This article’s authors’ encounters with descriptions of group-administered training strategies yielded the following list of advertised mental-debiasing methods: (a) exposure to counterstereotypic exemplars of members of stereotyped groups; (b) instruction to form and to remember intentions to avoid bias; (c) advice to act slowly when making decisions that might be biased (e.g., pausing to think, meditating); (d) learning about the existence and pervasiveness of implicit biases; and (e) discovering one’s own implicit biases by taking available online IAT measures. With the exception of counterstereotypic exemplars and remembering intentions, these methods have not had substantial attempts at experimental confirmation of effectiveness. The two methods that have been researched have shown effects on IAT measures in within-session posttests but have not been found to yield reproducibly durable mental debiasing. Evidence for effectiveness of group-administered training is considered in detail later in this article in under the Research on Remedies for Implicit Bias heading.
What Is Known About Implicit Bias
This section divides what is known about implicit bias into (a) plausible assertions that deliberately go a bit beyond what has been established by empirical research (three “quasiconclusions”), (b) knowledge based solidly on research evidence from studies using the IAT, and (c) critiques (both resolved and unresolved) of IAT research, followed by a brief list of important questions that await research answers.

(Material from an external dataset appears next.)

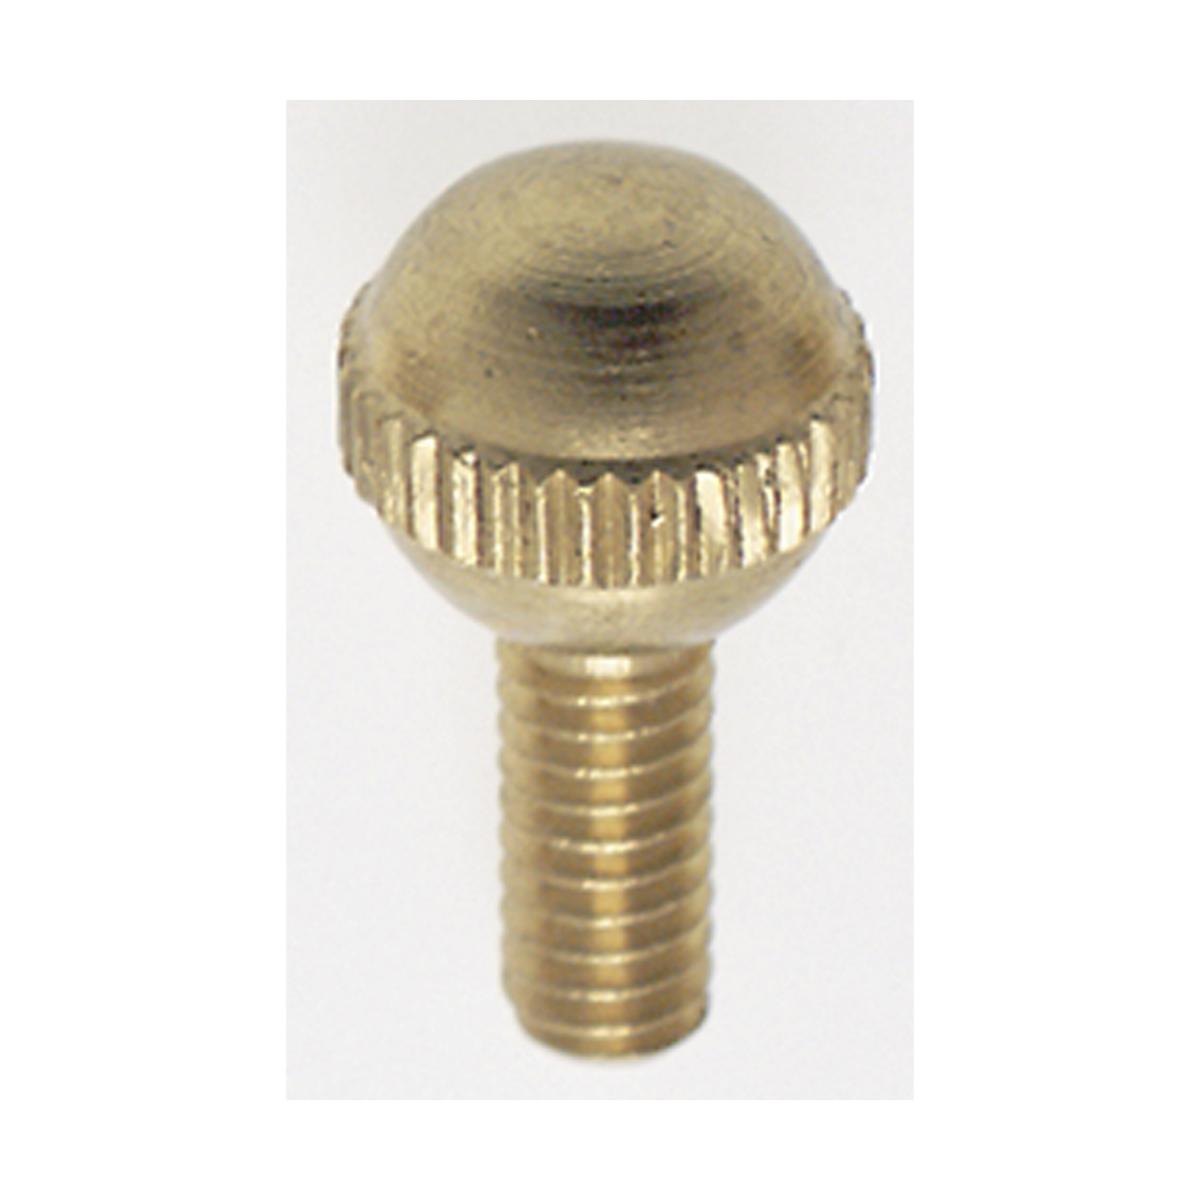 Satco 90-035 Solid Brass Thumb Screw Burnished and Lacquered 8/32 Ball Head 3/8" Length
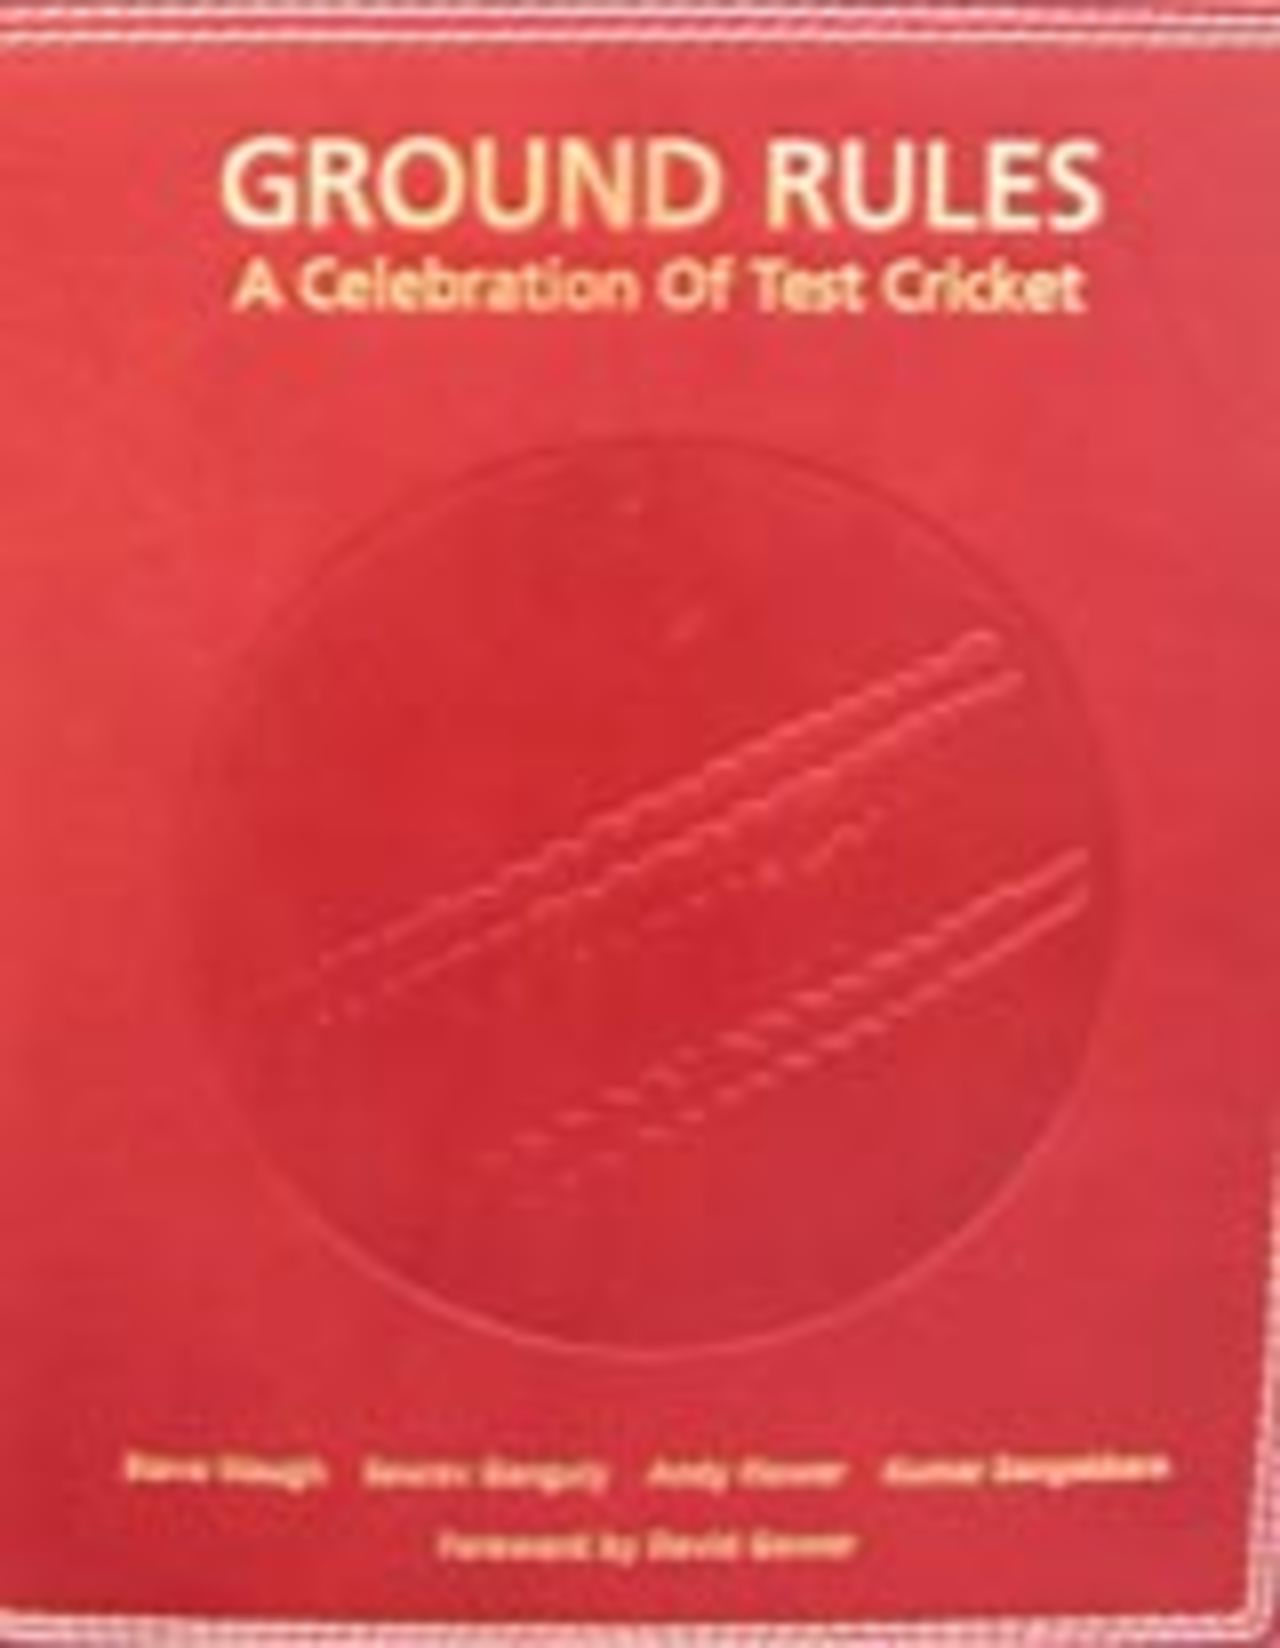 The leather-bound edition of Ground Rules

Three quasiconclusions about implicit bias
“Quasi” can be defined as “almost, but not quite.” The causation, pervasiveness, and awareness statements in this section are all well rooted in reproducible empirical findings. At the same time, each of these statements at least mildly exceeds what can be empirically established either now or in the near future. These shortcomings do not prevent the three statements from being useful for practitioners interested in remediation of problems in which implicit biases are likely to be involved.
Causation: Implicit bias is a plausible cause of discriminatory behavior
A large body of research on how implicit-bias measures succeed or do not succeed in predicting discriminatory judgment and behavior has been summarized in three meta-analyses (Greenwald et al., 2009; Kurdi et al., 2019; Oswald et al., 2013). These meta-analyses collectively established that implicit-bias measures reliably predict discriminatory judgments and behavior. The observed correlations (rs) were typically small to moderate, meaning that most were between .05 and .30. Combined over the three meta-analyses, predictive-validity correlations averaged .165. Oswald et al. argued that these correlations were too small to be of practical significance, repeatedly characterizing them as “poor predictors” (pp. 171, 179, 182, 186). (That concern is evaluated under the Controversies heading later in this section.) Greenwald et al. (2015) showed that even correlations substantially smaller than the observed aggregate of .165 were “large enough to explain discriminatory impacts that are societally significant either because they can affect many people simultaneously or because they can repeatedly affect single persons” (p. 553).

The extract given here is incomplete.